• REQUIRED WORK
Find the line containing "2008, Speedart, Btr" in the listing below; reproduce it and every line after, exactly. Skip pictures.

• SUPPLIED DATA
==========
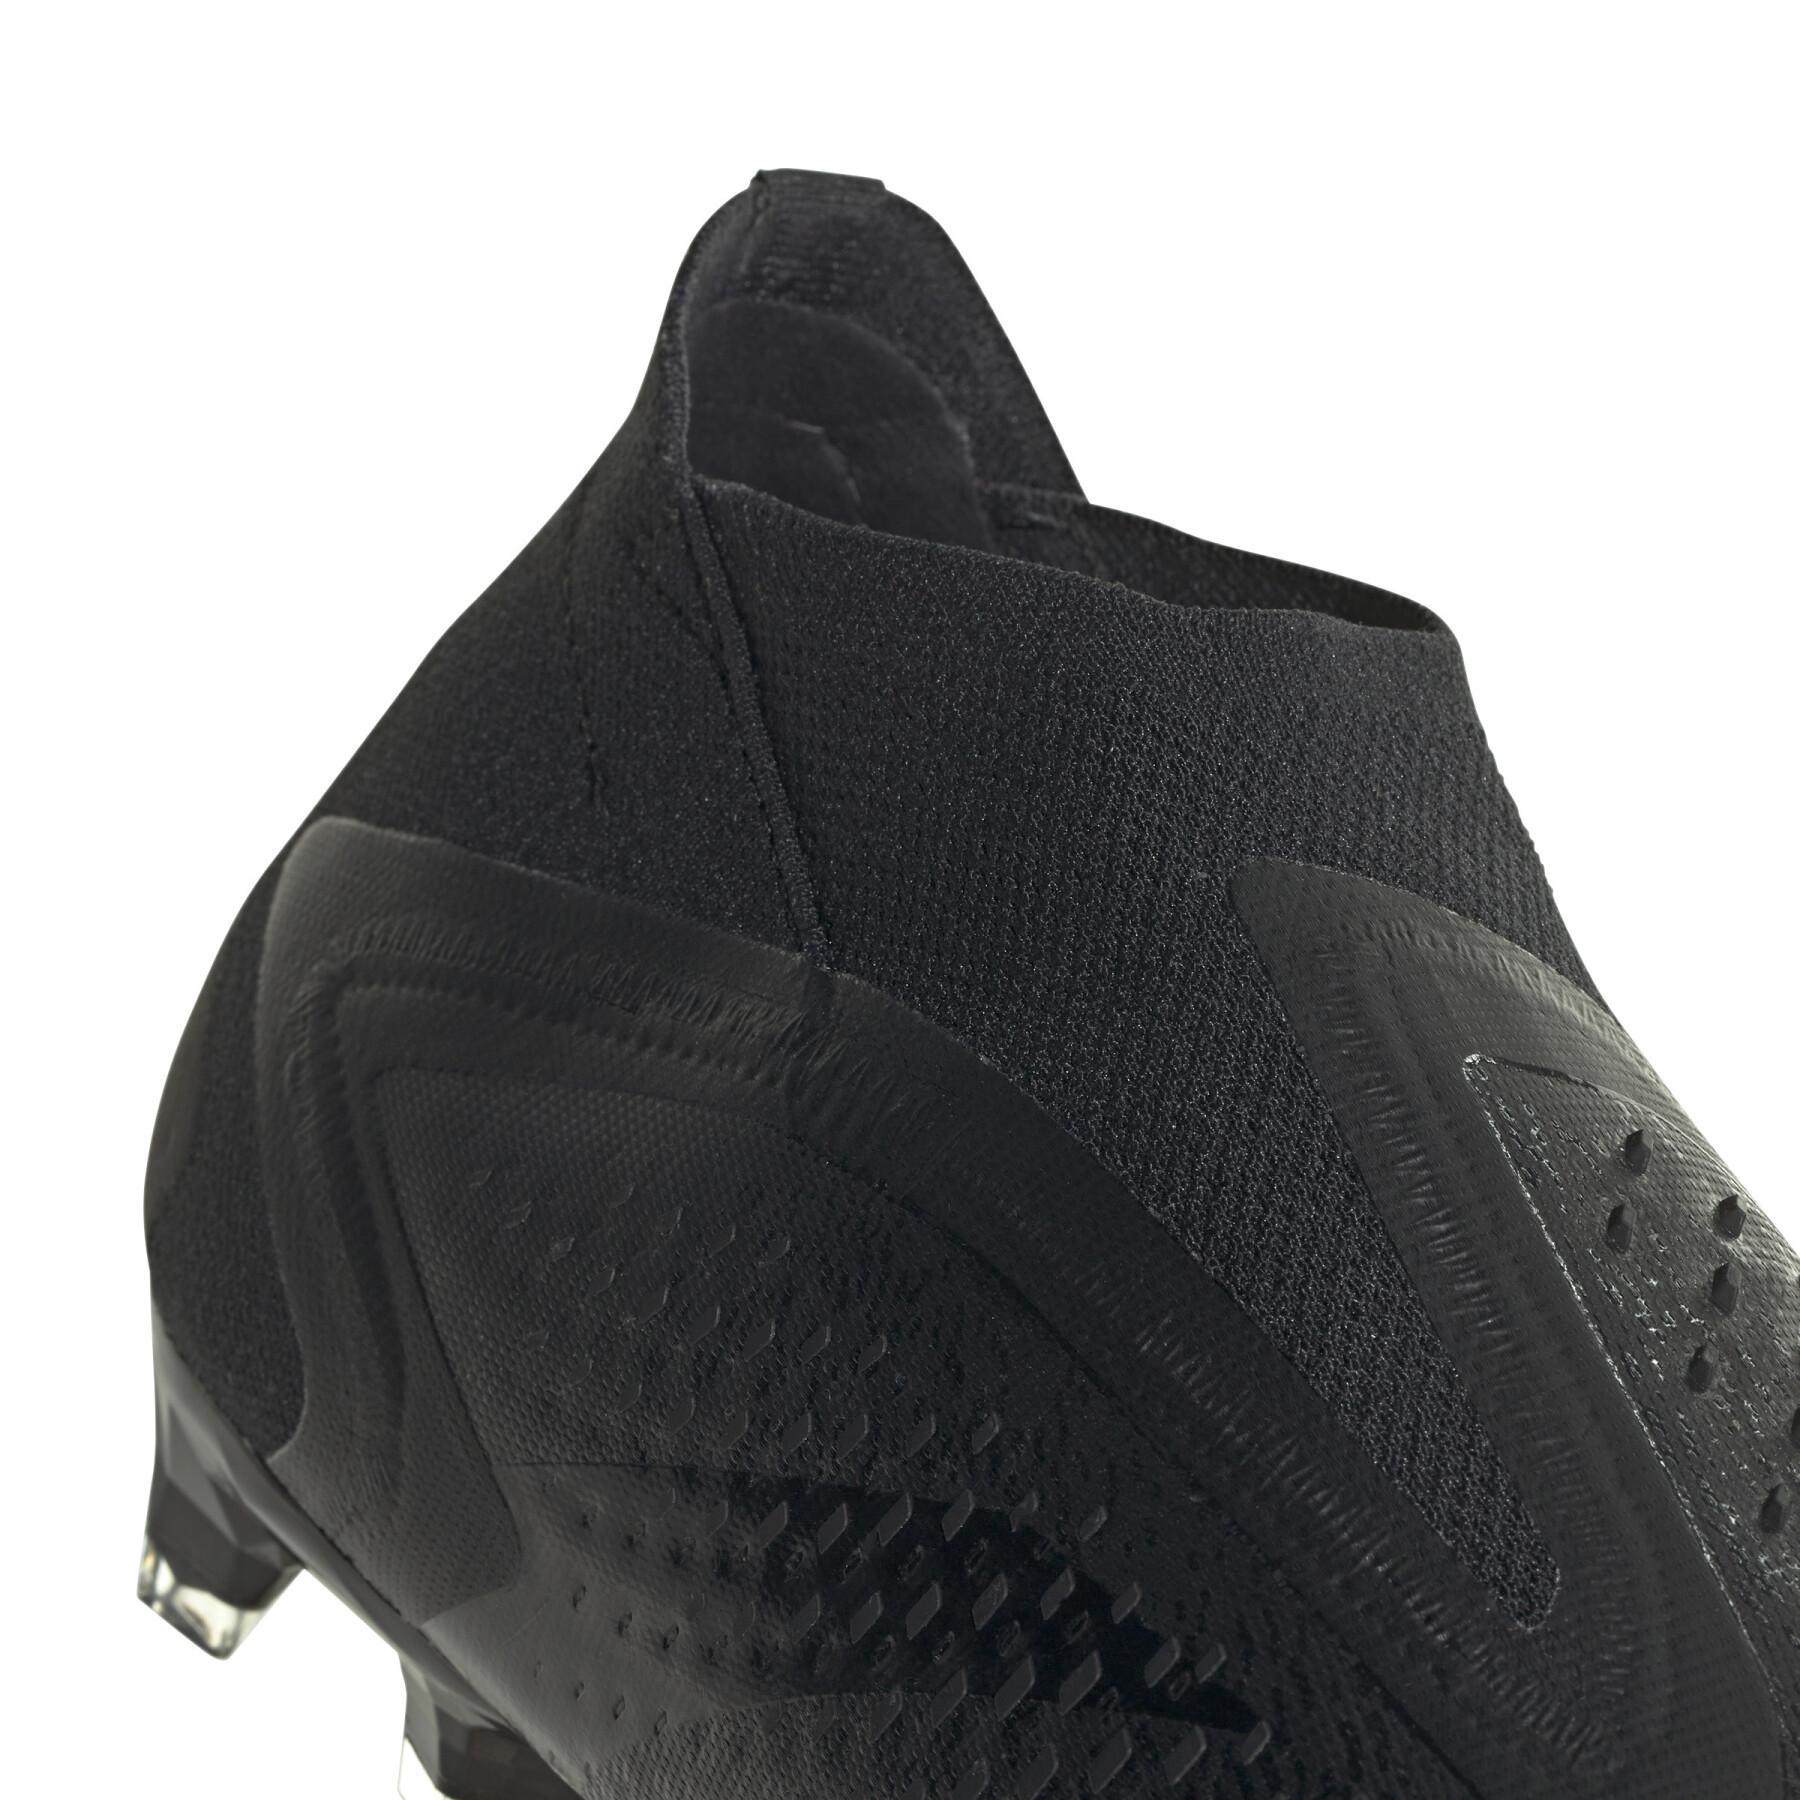 Sapatos de futebol para crianças adidas Predator Accuracy+ FG - Nightstrike Pack
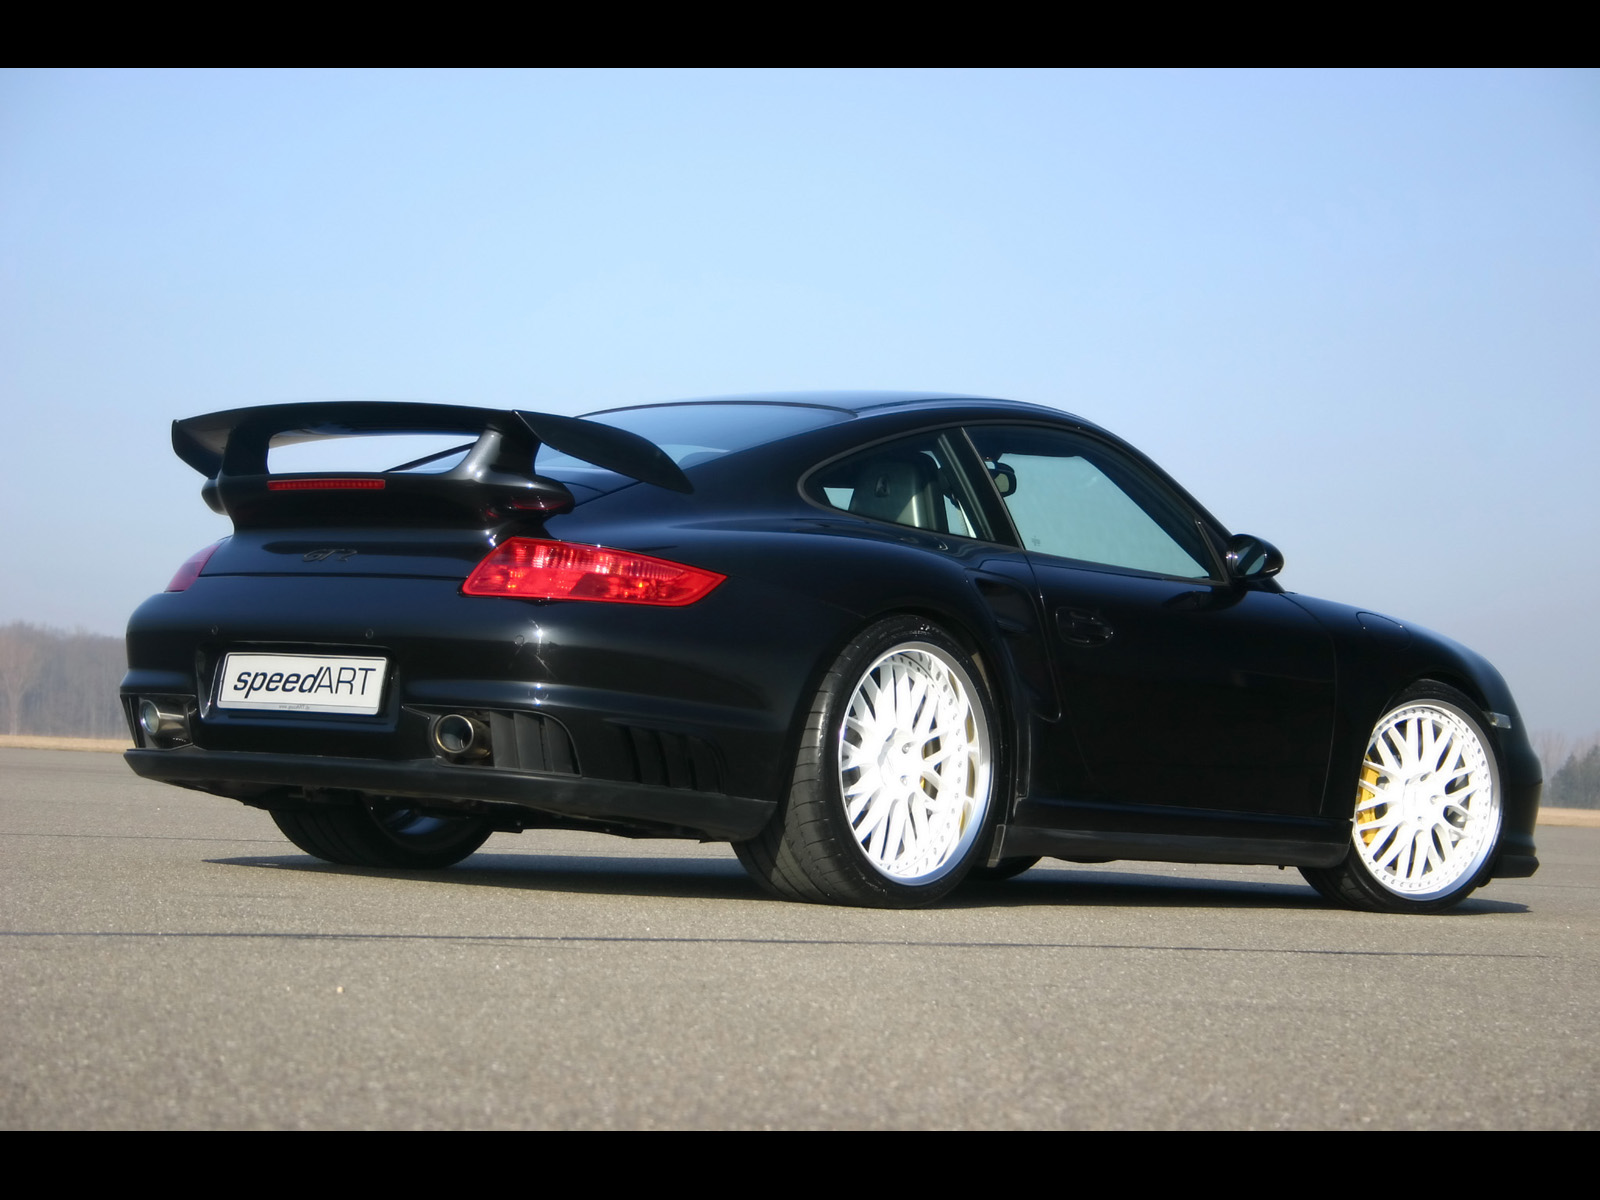 2008, Speedart, Btr xs, 650, Porsche, 997, Gt2, Tuning, Supercar Wallpaper
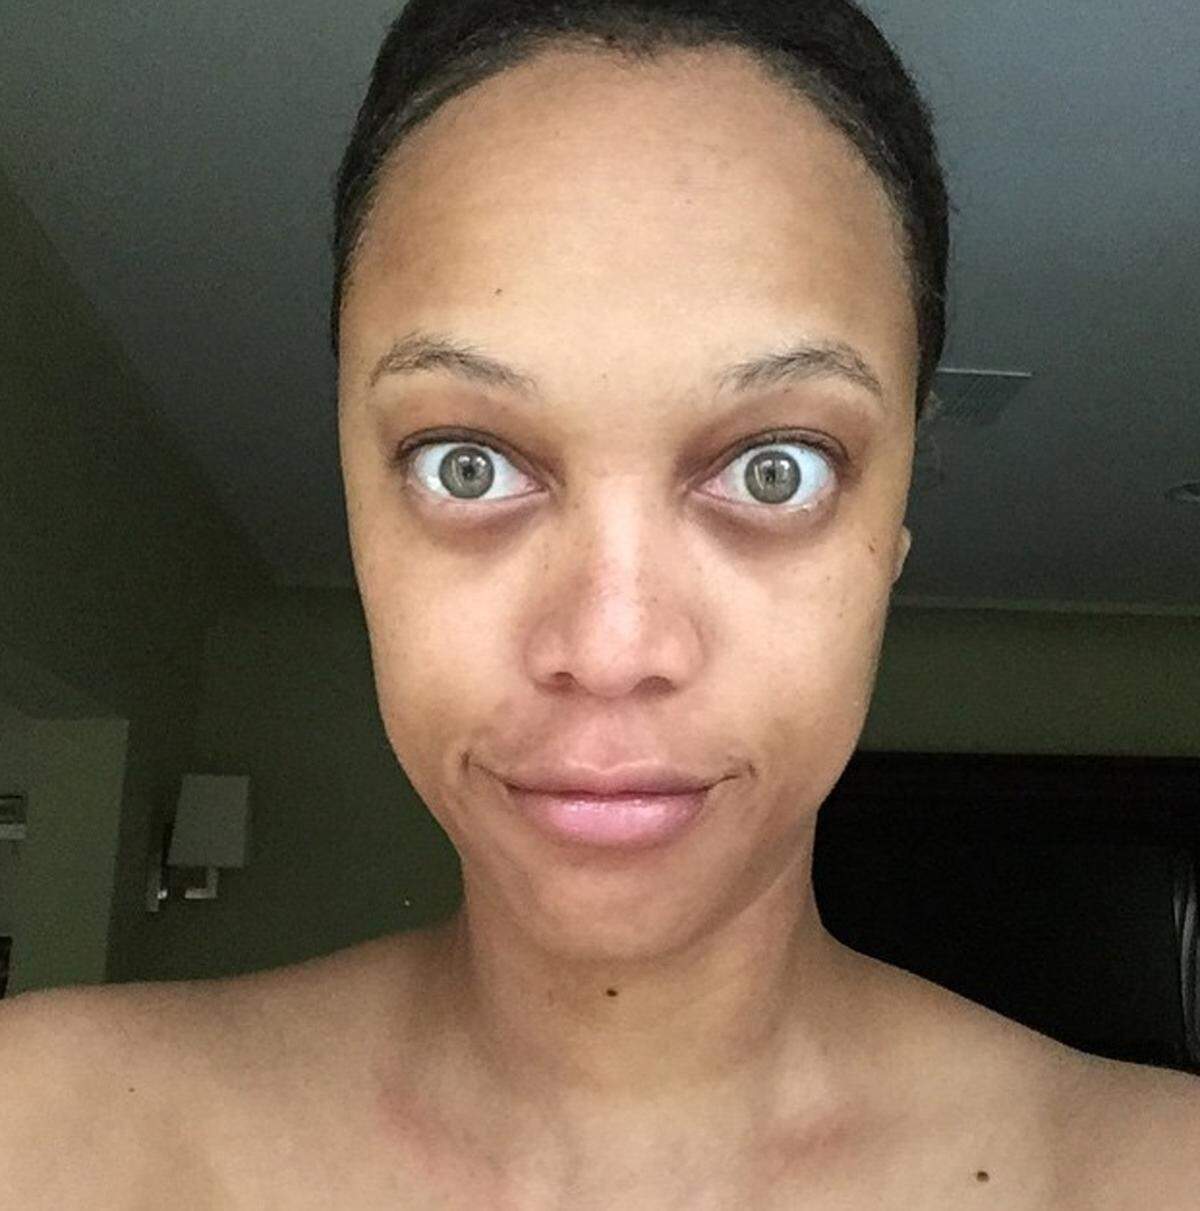 Den Mut sich ohne Make-up der Öffentlichkeit zu präsentieren hat Tyra Banks. Auch wenn sie sich mit ihren Augenringen unzufrieden zeigt, steht sie zu ihrer ungeschminkten Haut.
==========
• EXPECTED OUTPUT
 2008, Speedart, Btr xs, 650, Porsche, 997, Gt2, Tuning, Supercar Wallpaper
 Den Mut sich ohne Make-up der Öffentlichkeit zu präsentieren hat Tyra Banks. Auch wenn sie sich mit ihren Augenringen unzufrieden zeigt, steht sie zu ihrer ungeschminkten Haut.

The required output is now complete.